Work to complete>
In the listing below, find each line that holds "with" and list it.

Input data>
»»
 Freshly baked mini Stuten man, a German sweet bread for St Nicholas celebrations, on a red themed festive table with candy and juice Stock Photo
««
»»
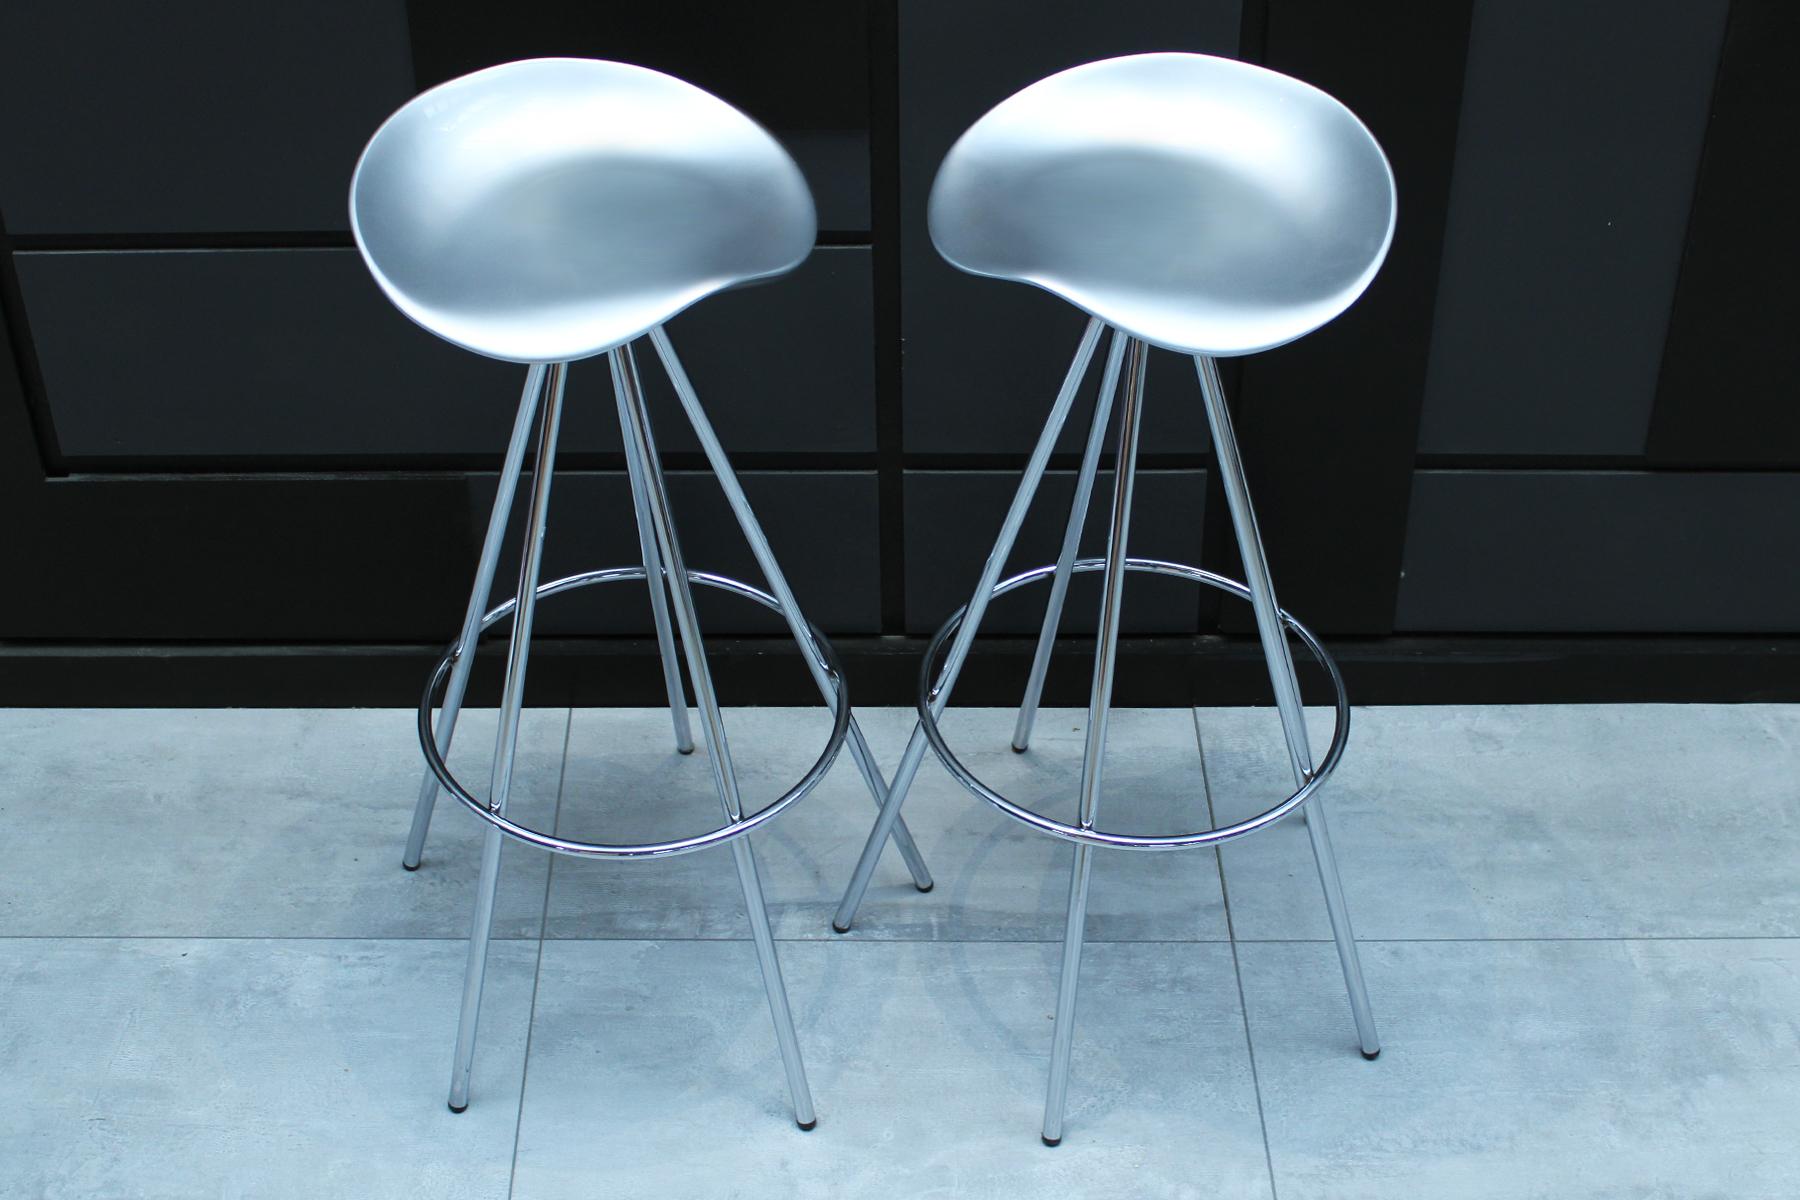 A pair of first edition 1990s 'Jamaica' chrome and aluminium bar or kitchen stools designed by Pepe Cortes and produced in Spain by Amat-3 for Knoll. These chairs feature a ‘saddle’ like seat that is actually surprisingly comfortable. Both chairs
««
»»
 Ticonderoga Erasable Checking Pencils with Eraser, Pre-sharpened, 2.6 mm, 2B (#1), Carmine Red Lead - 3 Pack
««
The answer>
 Freshly baked mini Stuten man, a German sweet bread for St Nicholas celebrations, on a red themed festive table with candy and juice Stock Photo
 Ticonderoga Erasable Checking Pencils with Eraser, Pre-sharpened, 2.6 mm, 2B (#1), Carmine Red Lead - 3 Pack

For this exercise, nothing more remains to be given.